MELLO — Entendi a reflexão que a reportagem fez. O que ocorreu foram algumas posturas que estavam um pouco defasadas no pontual. Recentemente, tivemos uma audiência pública de oito horas sobre pandemia e cultura popular, a gente ouviu ali tudo o que se pode imaginar. Estamos ouvindo as queixas, elas não são da última semana. Isso é da origem do Brasil, com os povos originários e o preconceito de raça. Sobre o auxílio ter sido muito pouco, agora estamos pagando 100% do cachê. Com a suspensão do Carnaval, muitos dizem que o auxílio não é a solução, mas sem o auxílio você não corrige o urgente. É uma medida de amparo para resolver aquele momento enquanto pensamos em caminhos de políticas.

JC — No caso do frevo, Júnior Afro, que é membro do Comitê Gestor de Salvaguarda do Frevo, reclamou à nossa reportagem que falta uma política pública de preservação do patrimônio. Embora reconheça que existam iniciativas, como o Paço do Frevo e a Escola de Frevo. O que mais poderia ser feito?

MELLO — A salvaguarda do frevo é a gente articular, como está acontecendo com o Paço agora; se articular com a comunidade e fazer ações descentralizadas. Qual é a situação dos blocos? Recentemente, perdemos Marcelo Varella, um grande pesquisador e compositor do frevo, e que sempre defendia o festival de frevo e tudo mais. Qual o formato de um festival de frevo? Como é que a Rádio Frei Caneca pode entrar nisso para que a gente faça com que o frevo se renove mais? A estratégia mais perene que existe é a preservação da tradição, mas não se fechando só nela. É preciso fazer um encontro de gerações, fazer a galera dialogar. Temos de aproveitar dessa nova autoestima que existe, tem o passinho que está aí. Como é que faz para a galera dialogar uma com a outra? Queremos levar os Patrimônios Vivos para as escolas, para conversar com a garotada, e pensar em festividades, se isso for uma política para a educação. Também vamos trazer essa experiência para o Compaz, que pode ter trabalhos. Conversei com [o músico] Lucas dos Prazeres, que tem um método de ensino e cultura pela troca cultural.

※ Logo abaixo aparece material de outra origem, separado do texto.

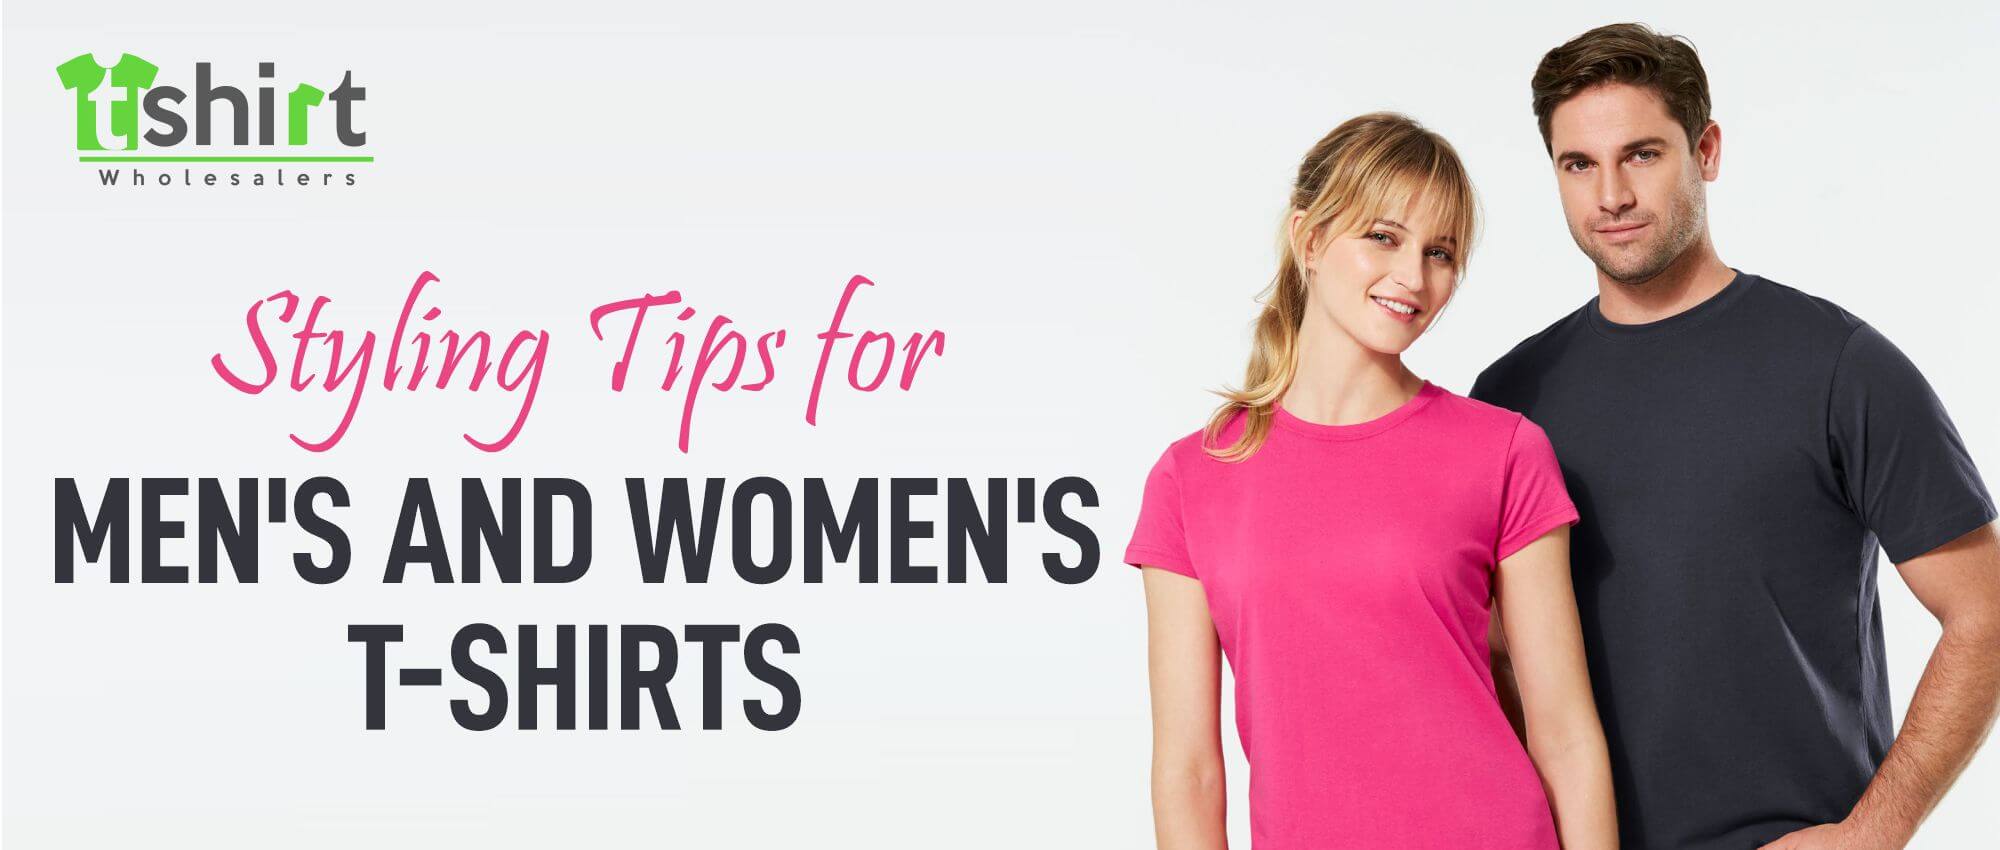 STYLING TIPS FOR MEN'S AND WOMEN'S T-SHIRTS

JC — Atualmente, você acumula o cargo de secretário de Cultura e presidente da Fundação de Cultura, antes ocupado por José Manoel Sobrinho. Como ocorreu essa mudança e qual é o objetivo?

MELLO — Tivemos uma reunião no final do ano passado com o José Manoel, ele já tinha uma proposta para atuar junto com Cida (Pedrosa), e que a Fundação e a Secretaria precisavam resolver — não uma crise de relacionamento, mas — um cenário em que não era muito claro esse negócio de 'eu formulo' e 'você executa'. Tem sempre alguém que entra no meio do caminho. Estou numa experiência de tentar pensar com as equipes em conjunto. Como vamos viabilizar as coisas? Está vindo tudo para cá e dá para entender melhor os processos. Acho que estamos conseguindo. Desde o começo, essa gestão disse que tínhamos de acabar com essa coisa de 'isto é com você' e 'isso daqui é comigo'. Fomos exercitando isso ao longo do ano, e acho que agora temos um passo a mais para dar.

JC — A cultura, especialmente no Recife, tem um potencial grande. Inclusive, para o turismo. Como você analisa a posição ou o tamanho da atenção da gestão de João Campos para a cultura?

MELLO — Sinceramente, preciso admitir que há uma sensibilidade grande. Ele demonstrou isso quando apresentou a proposta de cultura, que eu participei da discussão, que apresenta o fortalecimento do Conselho, do SIC, dos Arrecifes Culturais, que é um debate sobre a territorialidade da cultura. Conseguimos colocar para tocar o Recife Virado, criamos o Patrimônio Vivo, habilitamos dois espaços. Agora, diante de uma realidade que é difícil. É importante ir lá discutir, sentar com Planejamento, Finanças, e explicar a importância de um SIC, que é a movimentação da cadeia produtiva. Pagamos cachês atrasados na pandemia e foi quase R$ 1 milhão. Temos um olhar para a cultura que vai além da produção de coisas, ou de garantir atrações artísticas. É um olhar para política pública além dos ciclos festivos. É para garantir que a pessoa não desista de viver da cultura e que a cidade tenha esse viés.